18 December 2020: 520 new cases are confirmed. The number of infected people rises to 11,950, which is six fewer than the previous cumulative number due to six infected people being foreigners who tested positive in Uruguay and later left the national territory. The number of recoveries rises to 7,699, 44 patients are in ICU and no patient is on intermediate care. 7,177 analyses were made on the day. The deaths of four patients were also confirmed, two from Montevideo, one from Canelones, and one from Rivera, raising the total number of deaths to 109.

19 December 2020: 610 new cases are confirmed. The number of infected people rises to 12,557, which is three fewer than the previous cumulative number due to three infected people being foreigners who tested positive in Uruguay and later left the national territory. The number of recoveries rises to 8,002, 49 patients are in ICU and no patient is on intermediate care. 8,249 analyses were made on the day. The deaths of five patients were also confirmed, three from Montevideo and two from Canelones, raising the total number of deaths to 114.

20 December 2020: 497 new cases are confirmed. The number of infected people rises to 13,048, which is six fewer than the previous cumulative number due to six infected people being foreigners who tested positive in Uruguay and later left the national territory. The number of recoveries rises to 8,327, 55 patients are in ICU and no patient is on intermediate care. 6,553 analyses were made on the day. The deaths of five patients were also confirmed, three from Montevideo, one from Rivera, and one from Artigas, raising the total number of deaths to 119.

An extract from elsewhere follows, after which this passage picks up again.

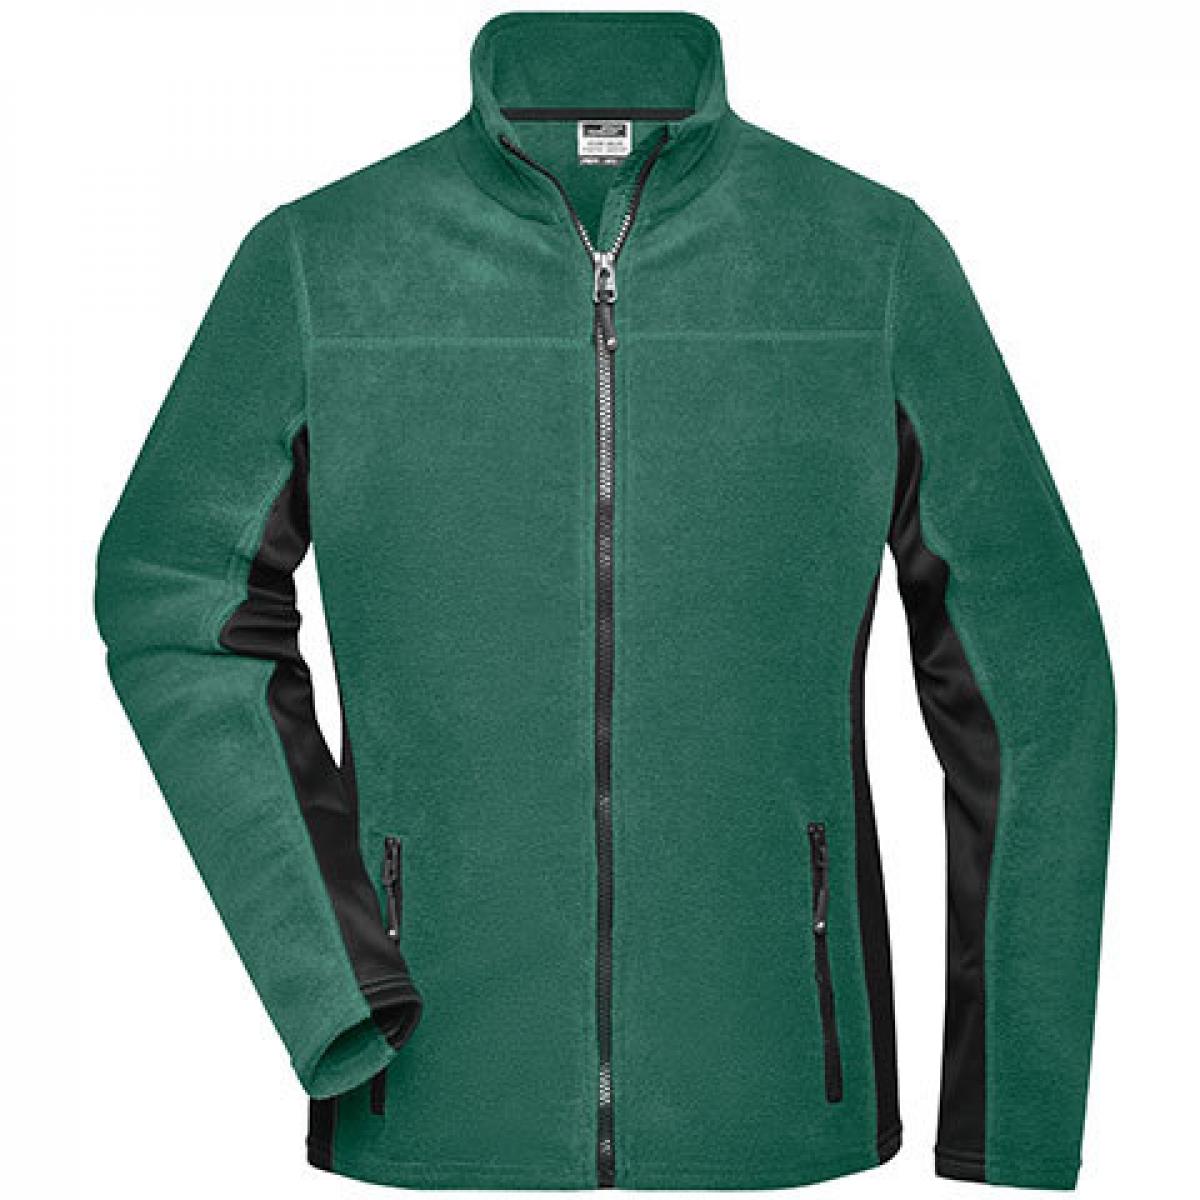 Hersteller: James+Nicholson Herstellernummer: JN841 Artikelbezeichnung: Damen‘ Workwear Fleece Jacket -STRONG- Farbe: Dark Green/Black

21 December 2020: 441 new cases are confirmed. The number of infected people rises to 13,447, which is 12 fewer than the previous cumulative number due to 12 infected people being foreigners who tested positive in Uruguay and later left the national territory. The number of recoveries rises to 8,688, 59 patients are in ICU and no patient is on intermediate care. 5,950 analyses were made on the day.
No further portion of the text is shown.